C’était là tout ; et, pour trouver dans cette lettre une réponse satisfaisante aux demandes qu’on allait soi-même écrire, il fallait une grande résignation. Cette humilité singulière, lord Palmerston sut encore l’obtenir de cet orgueil trop irritable que nous lui avons connu. Il écrivit le 20 décembre au comte Pozzo di Borgo, pour répondre à la note du 20 octobre, communiquée seulement le 11 du mois suivant, et donnée cependant comme réplique conciliante à la note anglaise du 26 octobre 1838.


« C’est avec grand plaisir que je me trouve à même de vous assurer que la communication par vous adressée au gouvernement de sa majesté lui a paru dans ses résultats généraux tout-à-fait satisfaisante (highly satisfactory ). Le gouvernement de sa majesté doit conjurer (deprecate) comme un grand malheur tout évènement qui tendrait à interrompre la bonne entente si heureusement établie entre les deux cabinets. »
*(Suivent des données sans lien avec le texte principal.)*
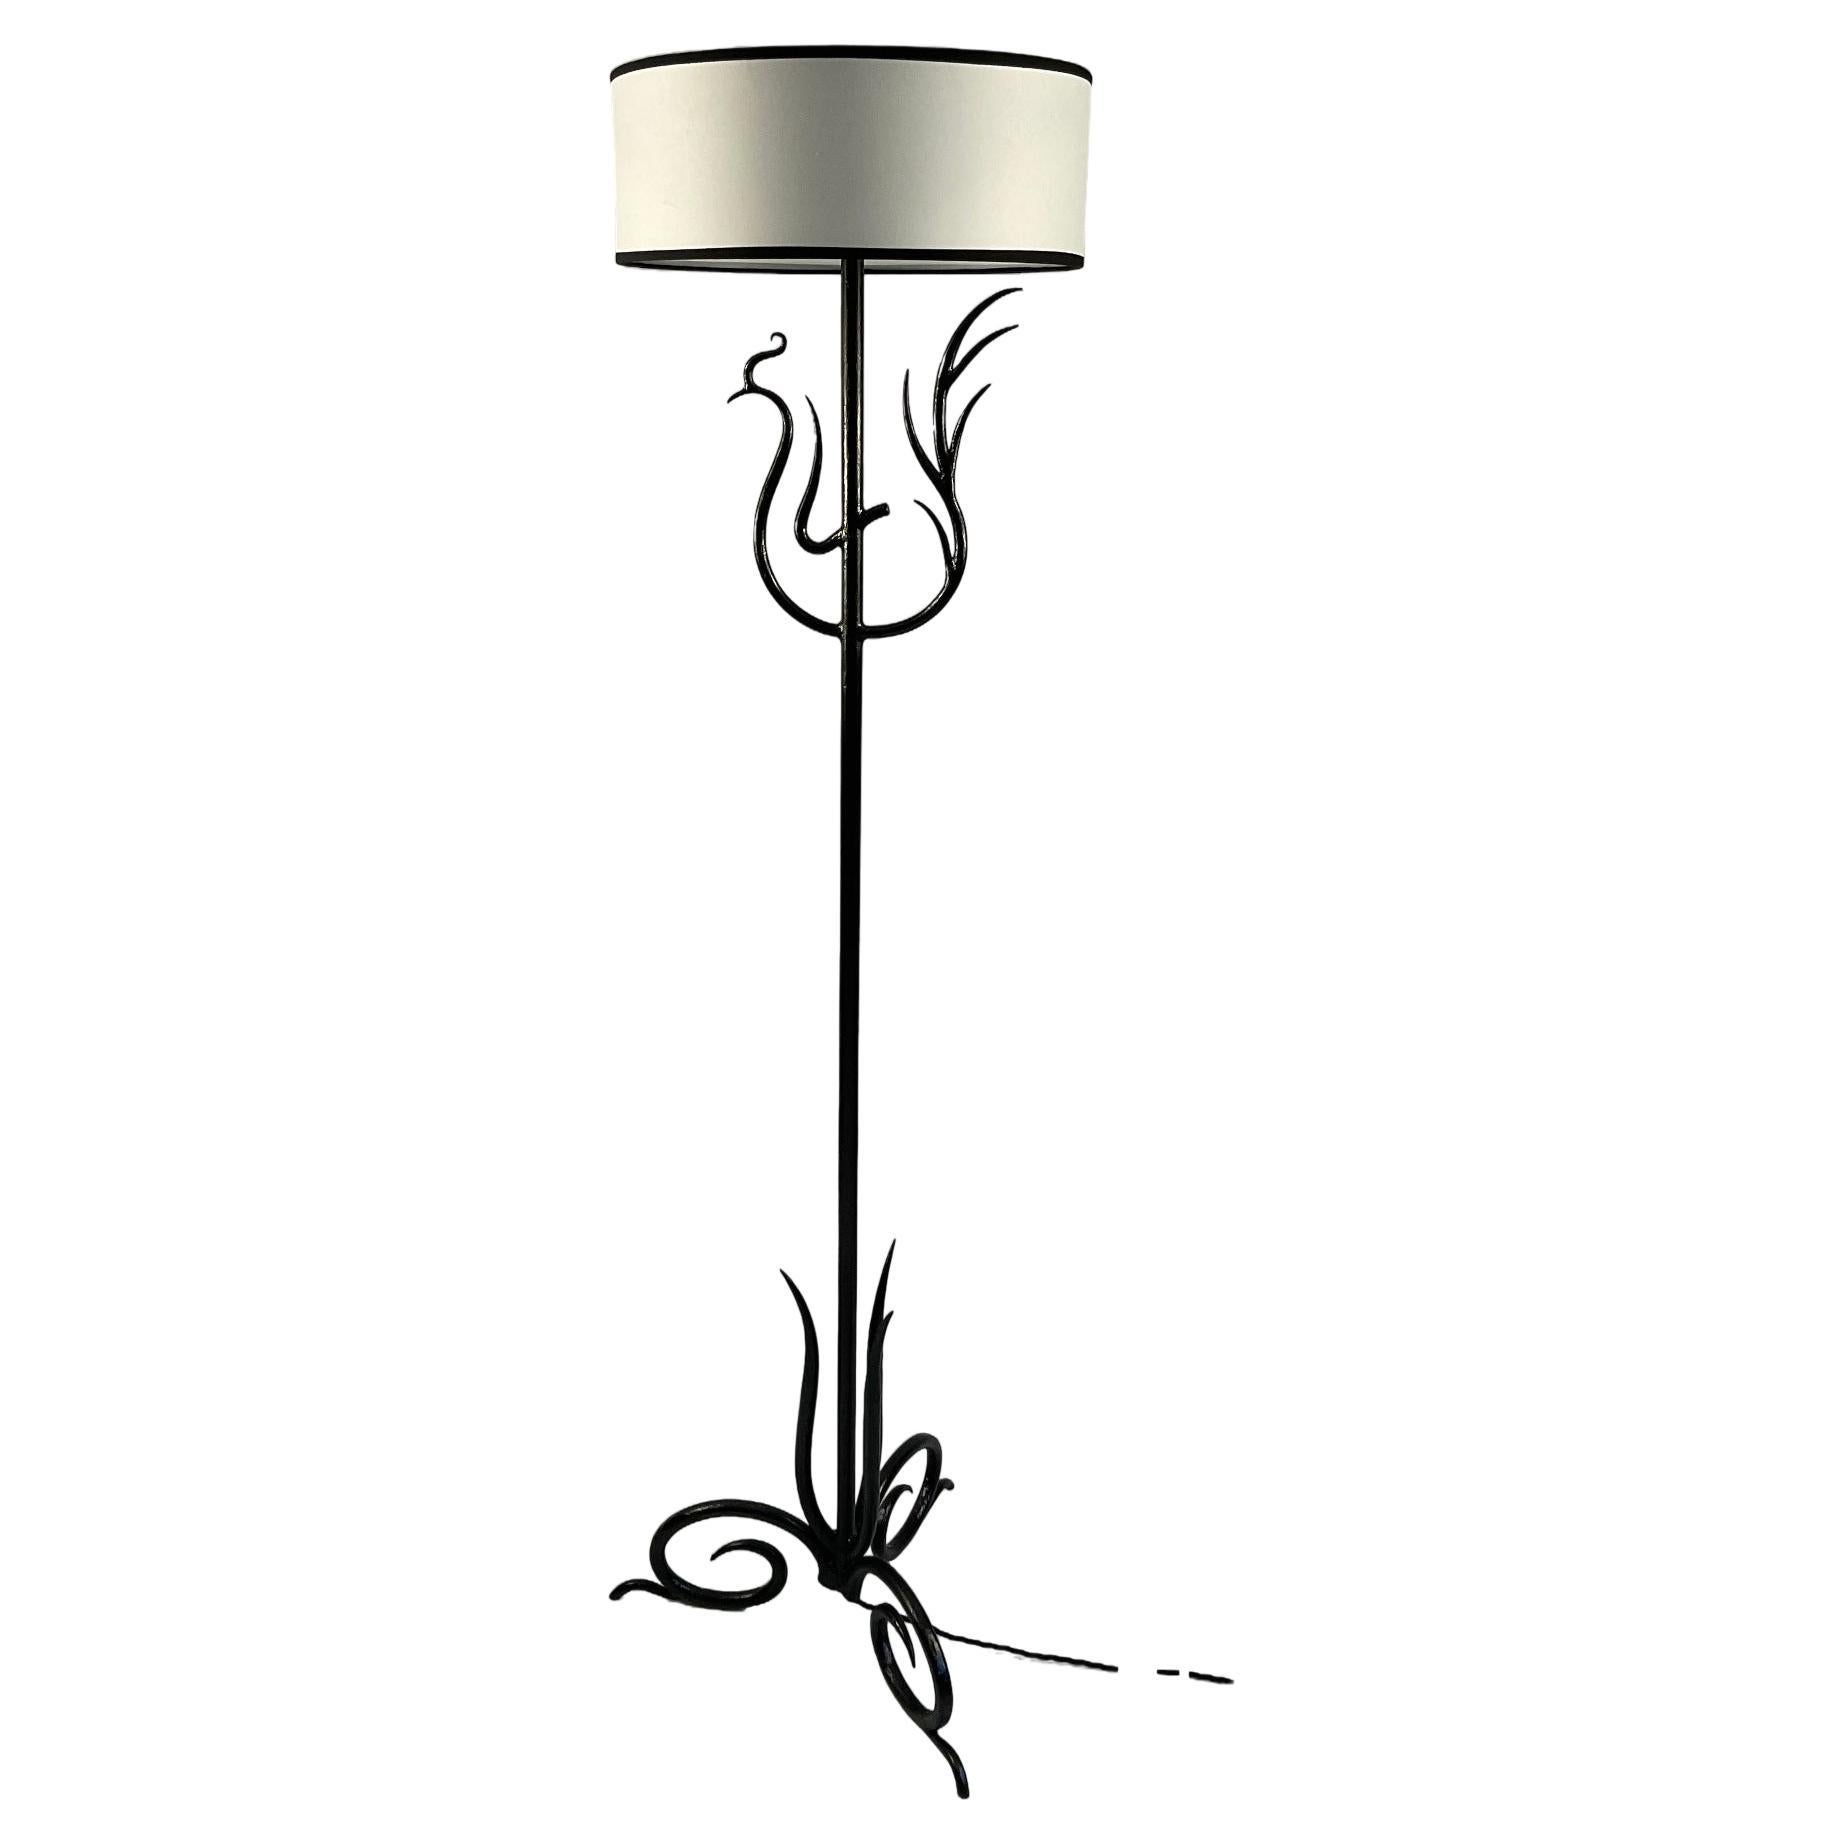 1940s French Wrought Iron Floor Lamp with a Design of a Phoenix. 
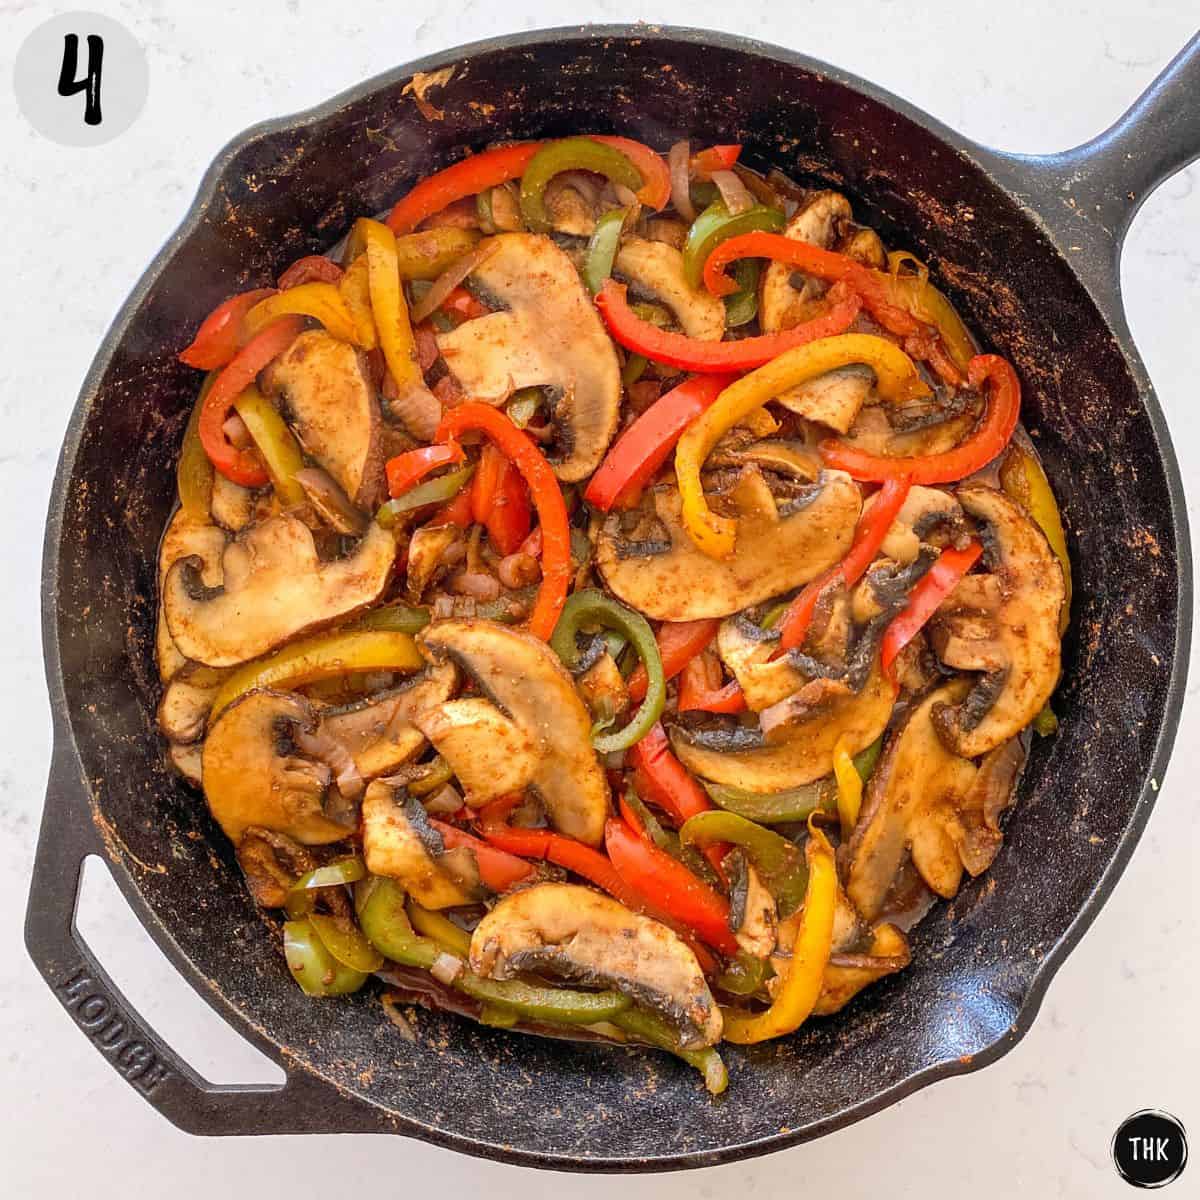 Sautéed mushrooms, peppers and onions in large cast iron skillet.

Le comte Nesselrode répond très sèchement le 29 janvier 1839 :


« Ces explications ont apporté aux deux cabinets l’occasion de recevoir et d’offrir d’un côté comme de l’autre des assurances qui portent le caractère d’une juste réciprocité, et ne sauraient avoir de valeur qu’autant qu’elles se correspondent. Notre cabinet, en prenant note de ces assurances, attend qu’on lui fournira la preuve de leur entière réalisation (entire fulfilment). »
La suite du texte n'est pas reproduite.